§ **REQUIREMENT**:
An exact copy is required of every line from the one with "Recensement architectural du" through the end of the data below, and the pictures must stay out of it.

(Beginning of GIVEN DATA)

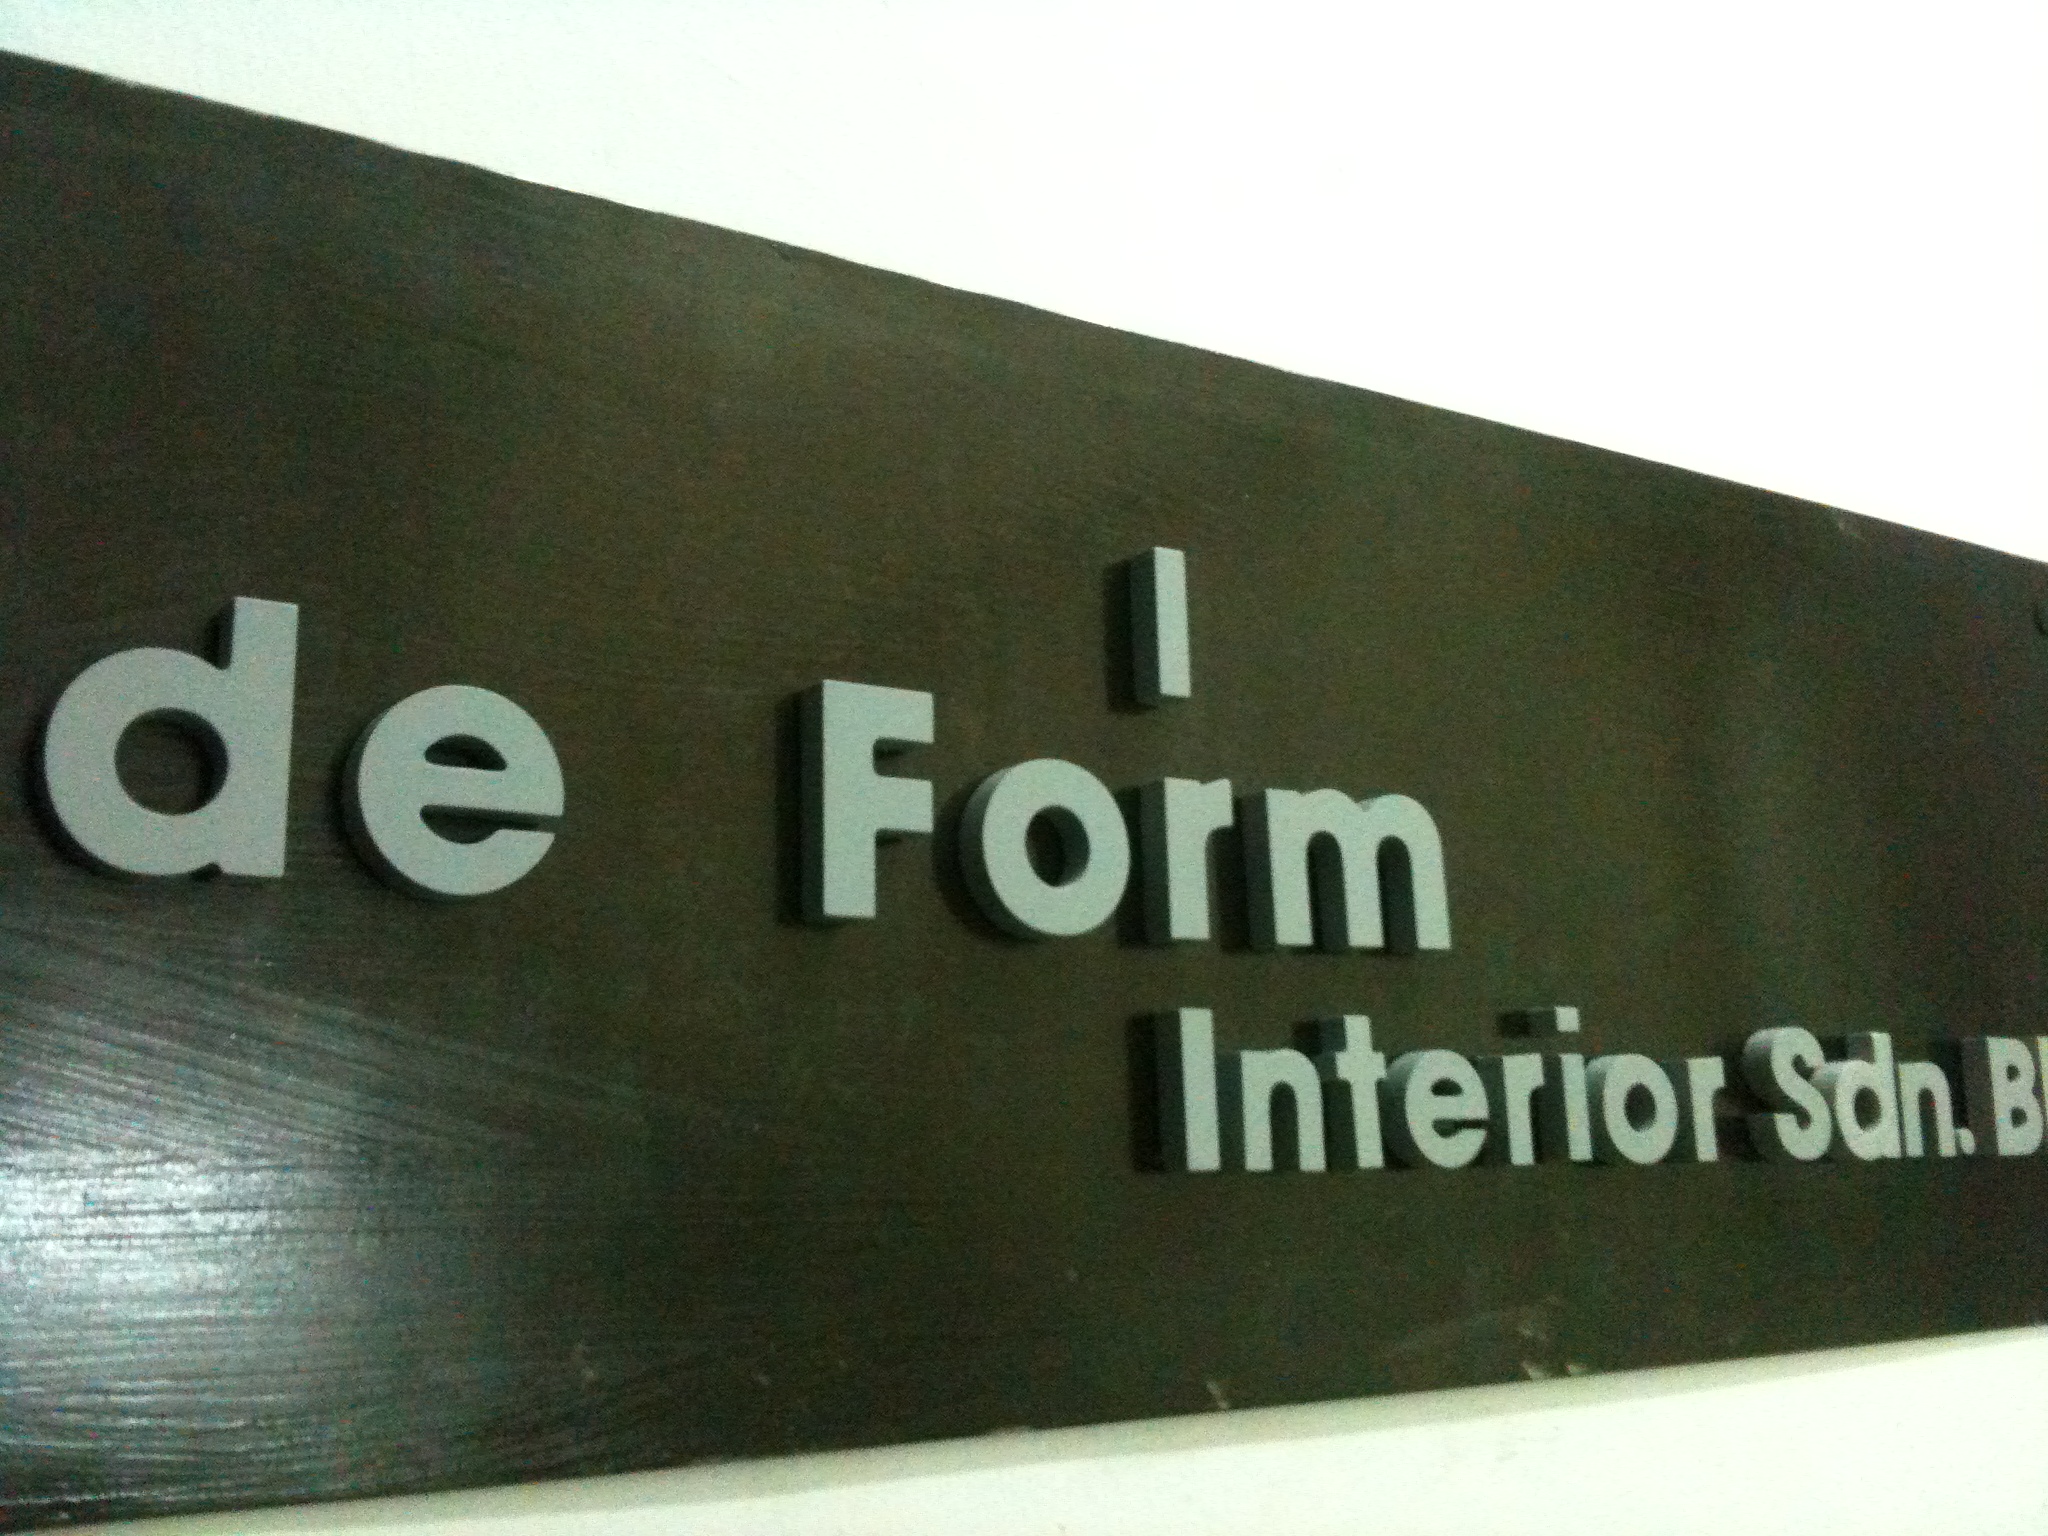 De Form Interior Sdn Bhd
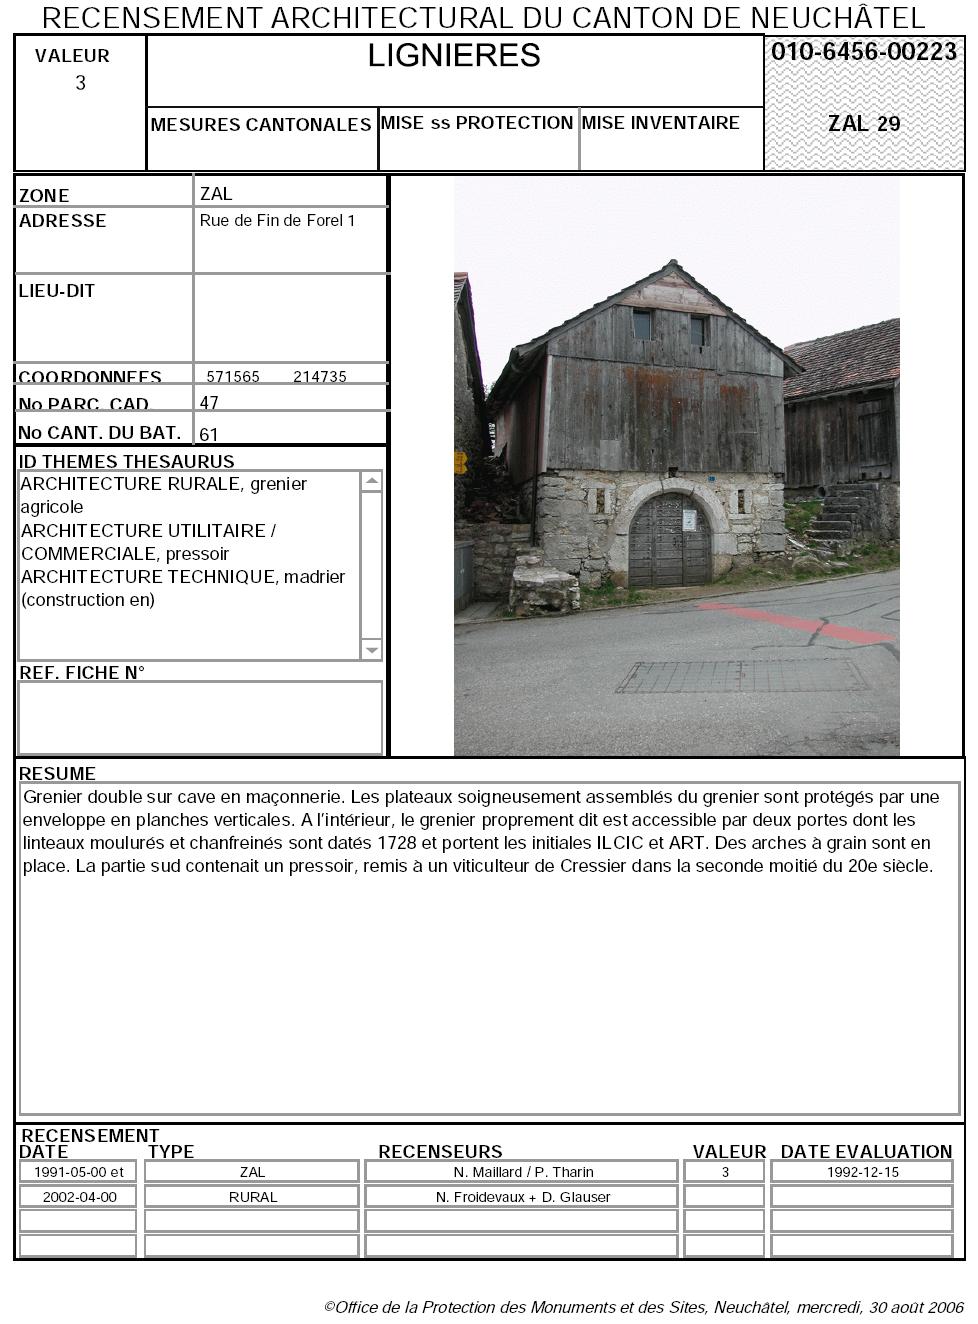 Recensement architectural du canton de Neuchâtel: Fiche 010-6456-00223
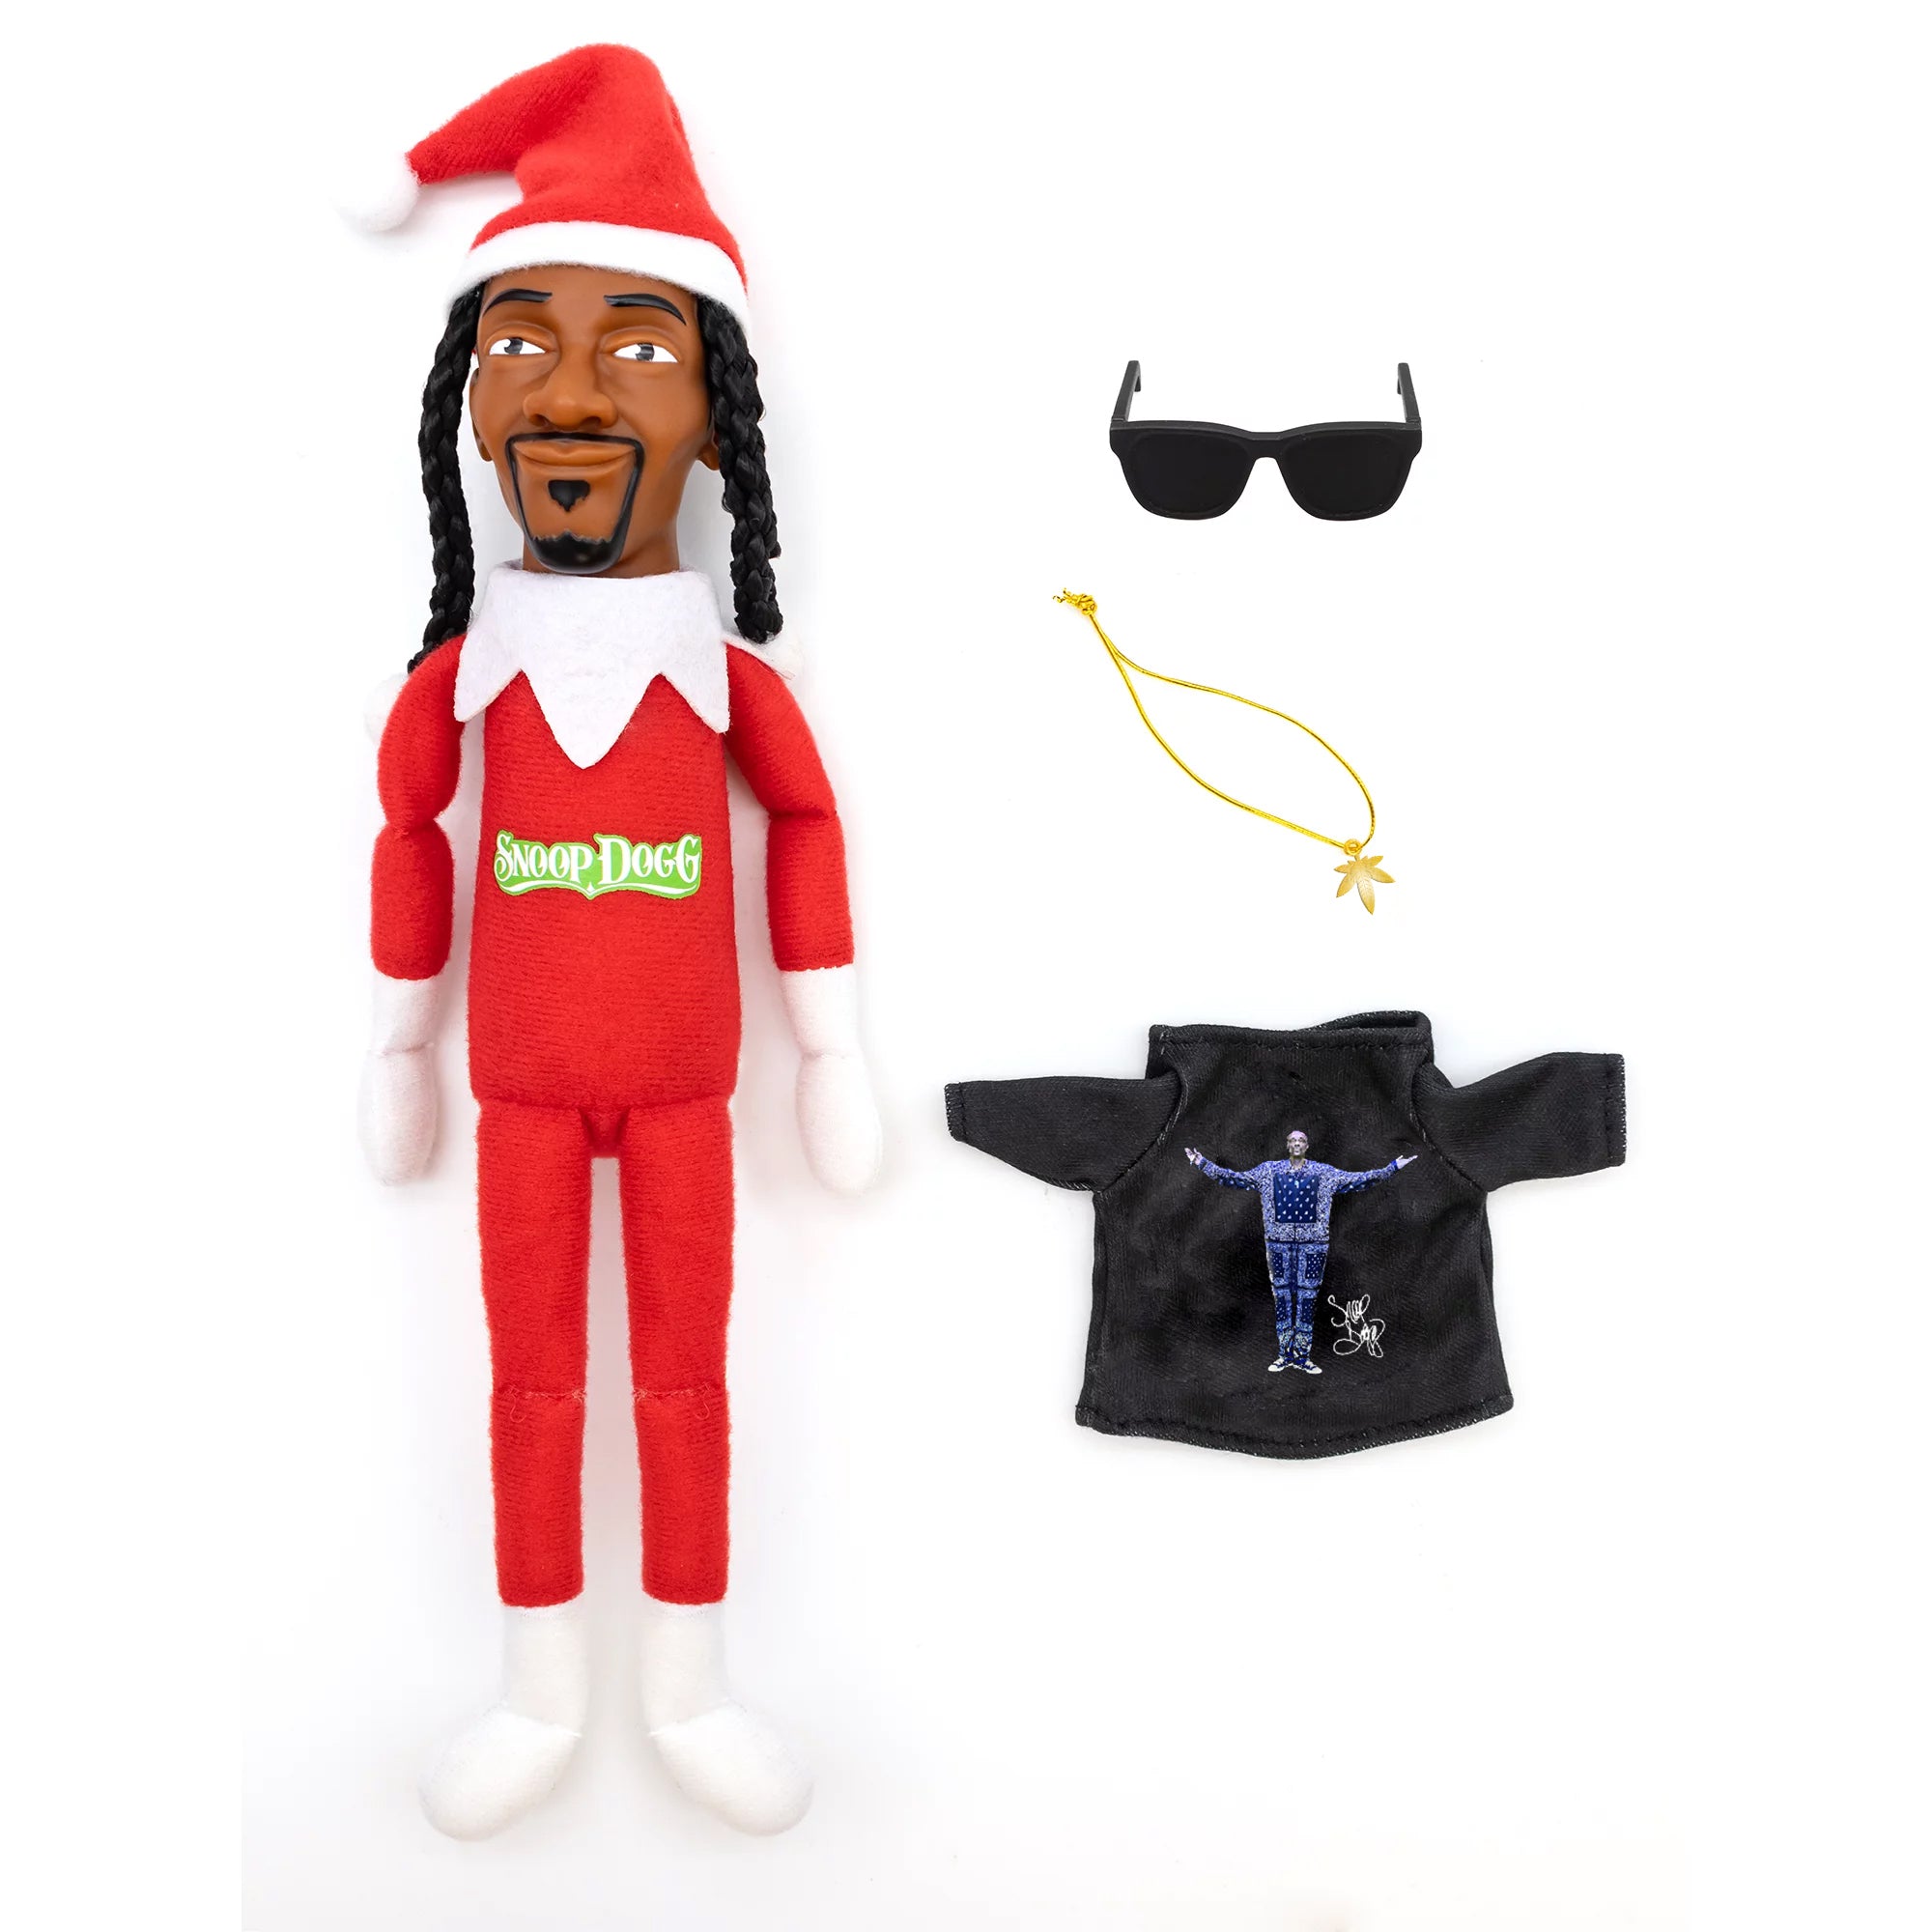 Snoop On The Stoop

(End of GIVEN DATA)

§ **YOUR SOLUTION**:
 Recensement architectural du canton de Neuchâtel: Fiche 010-6456-00223
 Snoop On The Stoop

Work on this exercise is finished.